La focalizzazione sull’alta qualità e liquidità sarà cruciale nell’assumere rischio nei portafogli nel 2023 a fronte di una pressione che resta intensa sulla politica monetaria.

Nelle ultime settimane sono aumentati i dati che dimostrano la resilienza dell’economia dell’Eurozona a fronte dei forti shock subiti con i rincari dell’energia e l’inasprimento delle condizioni finanziarie. Dopo avere toccato un minimo intorno a 47 punti a ottobre, l’indice PMI composito dell’Area Euro a gennaio è risalito sopra i 50 punti (cfr. Figura 1), segnalando una stagnazione anziché una contrazione dell’attività economica.

La produzione industriale tedesca nel frattempo a novembre è cresciuta nonostante una netta flessione dei nuovi ordinativi nel mese, il che riflette l’evasione del consistente arretrato accumulato durante la pandemia. Sorprende in positivo il dato preliminare del PIL tedesco per il 2022 che indica una lieve espansione dell’economia nell’ultimo trimestre dell’anno appena trascorso a fronte di diffuse aspettative di una flessione sino a poco tempo fa.

Figura 1 - PMI Eurozona

Figura 1: il grafico mostra il PMI dell’Eurozona da gennaio 2015 a gennaio 2023. Il PMI è un indicatore dello stato di salute dell’economia, quando si attesta al di sotto di 50 punti segnala una contrazione mentre quando è al di sopra dei 50 punti è indicativo di espansione economica. Il grafico mostra un’economia in buona salute dal 2015 al 2019, una brusca contrazione dopo lo scoppio della pandemia nel 2020, e un’espansione economica dagli inizi del 2021 agli inizi del 2022 prima di una nuova flessione nella seconda metà del 2022. Il PMI a gennaio 2023 è però risalito poco sopra i 50 punti.

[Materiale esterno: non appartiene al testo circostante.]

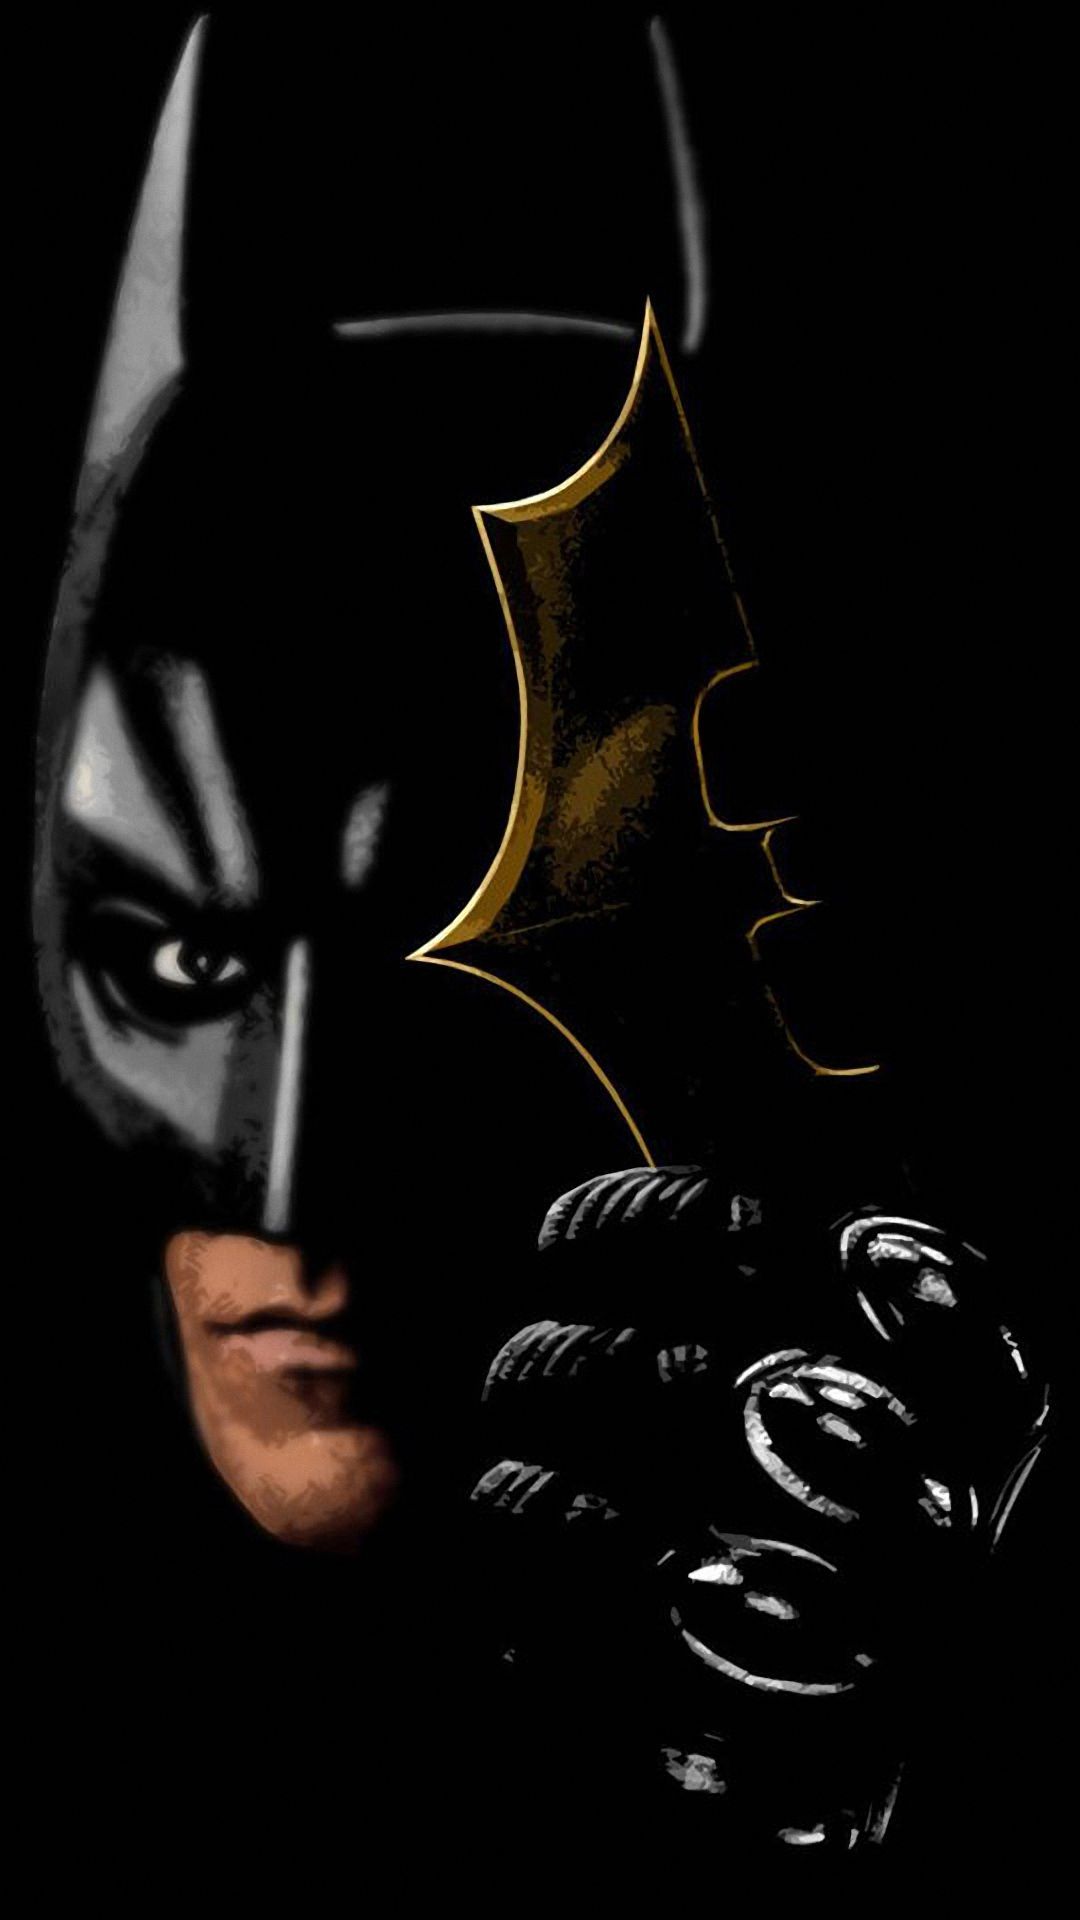 batman fonds d'écran hd,homme chauve souris,personnage fictif,ligue de justice,super héros,supervillain

Fonte: PIMCO, Markit. Al 24 gennaio 2023.

A cosa si debba una tale resilienza non è chiaro con precisione ma la ascriveremmo ai seguenti fattori: il sostegno alla produzione derivante dalla consistente domanda e dagli ordinativi accumulati nel periodo della pandemia; i consistenti risparmi accumulati dalle famiglie che hanno attutito la morsa dell’inflazione, la tenuta dell’occupazione che probabilmente riflette la cautela delle imprese rispetto ai licenziamenti a fronte della carenza di manodopera registrata a livello globale di recente; e infine il brusco dietrofront dei prezzi all’ingrosso del gas che ha smorzato i rincari per le famiglie e soprattutto per le imprese.

Il rischio di recessione è diminuito ma permangono delle questioni

Le nostre aspettative erano di una recessione di grado lieve in Europa, tuttavia i dati recenti segnalano che la recessione potrebbe non arrivare. Sarebbe una notizia positiva sul breve termine, ma non significa assenza di problemi.

A dicembre l’inflazione di fondo nell’Eurozona è salita al livello record del 5,2% su base annua secondo i dati Eurostat. Una parte dell’aumento è frutto di rincari in categorie di prezzi che risentono della situazione delle filiere di approvvigionamento globali e questi probabilmente si sgonfieranno anche se l’economia sarà resiliente. Tra queste categorie, i prezzi di beni e servizi, escluse le componenti volatili, in settori come quello dei viaggi e dell’alberghiero fortemente influenzati dalle riaperture post-pandemia. Tuttavia, affinché l’inflazione si riporti verso l’obiettivo del 2% della Banca centrale europea (BCE), probabilmente sarà necessario un certo raffreddamento dell’economia e del mercato del lavoro.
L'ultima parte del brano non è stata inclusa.